For their part, the Ukrainian armed forces have held their ground better than anticipated; perhaps their fighting spirit has been given special life by the rallying charm of their president. Fans around the world easily imagine future historians likening Volodymyr Zelensky, the Ukrainian president born of Jewish parents, to a second Winston Churchill. By contrast, Russian President Vladimir Putin gets the Darth Vader part, which he fills comfortably.

Still, by moralising, the Russia-Ukraine war offers the narrow absolutism that obviates the need for reason. At this time of great danger – with Covid-19 variants still swirling around – no avenue to a ceasefire should be left unexplored.

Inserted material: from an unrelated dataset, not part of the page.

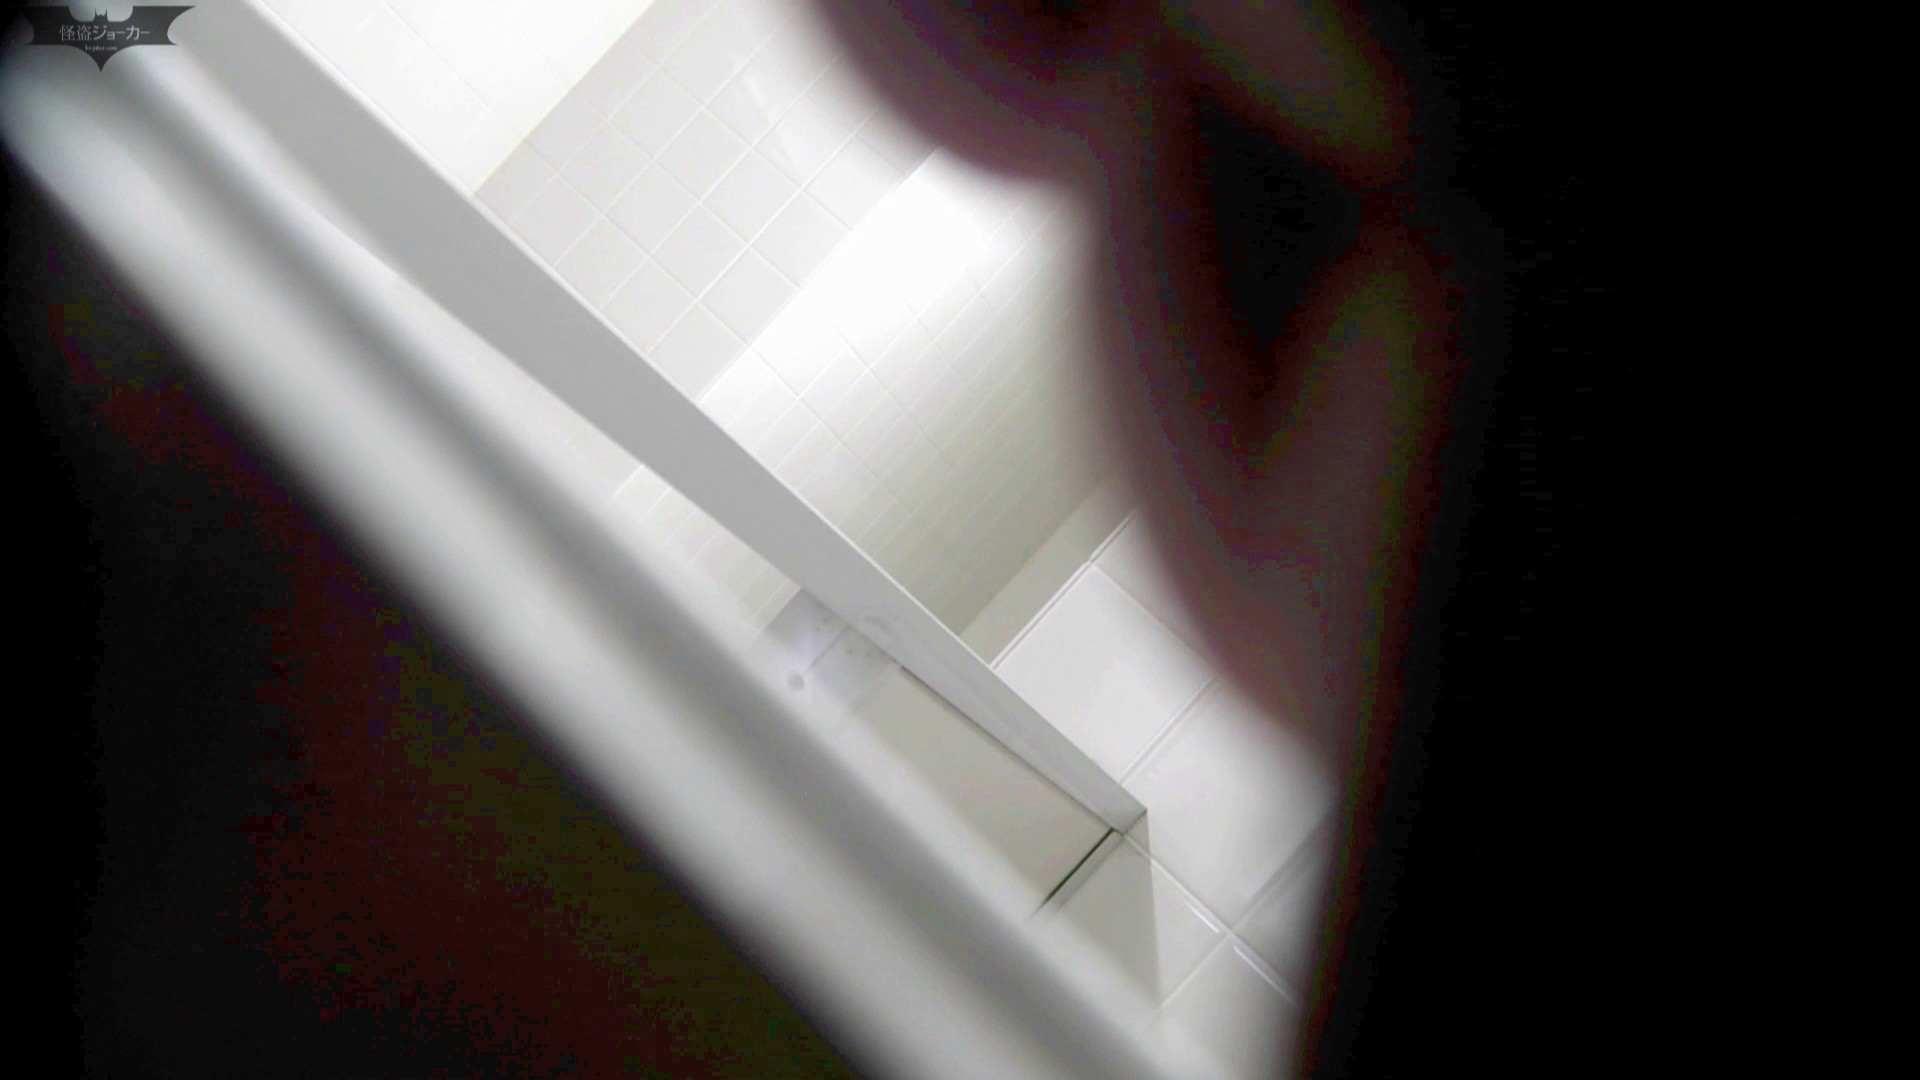 お銀 vol.68 無謀に通路に飛び出て一番明るいフロント撮り実現、見所満載 美人の裸体 おまんこ動画流出 77枚 76

A persistent process of entrepreneurial diplomacy is needed. War is not a game; it is deadly. Anger and hatred fuel the feral absolutism of wartime. The longer this war goes on, the greater the risk of an apocalypse.

Certainly, no one can say that the prospect of a nuclear war mushrooming from the current tragedy is inconceivable. On the contrary, it is being thought about with growing intensity. Recall that, early on, Putin pointedly put his country’s nuclear forces on high alert. Can we believe he was merely bluffing?

While Ukraine itself reportedly has no nuclear weapons – Mikhail Gorbachev having arranged their transfer to Russian custody in the aftermath of the collapse of the Soviet empire – its primary patron has plenty in reserve, of course.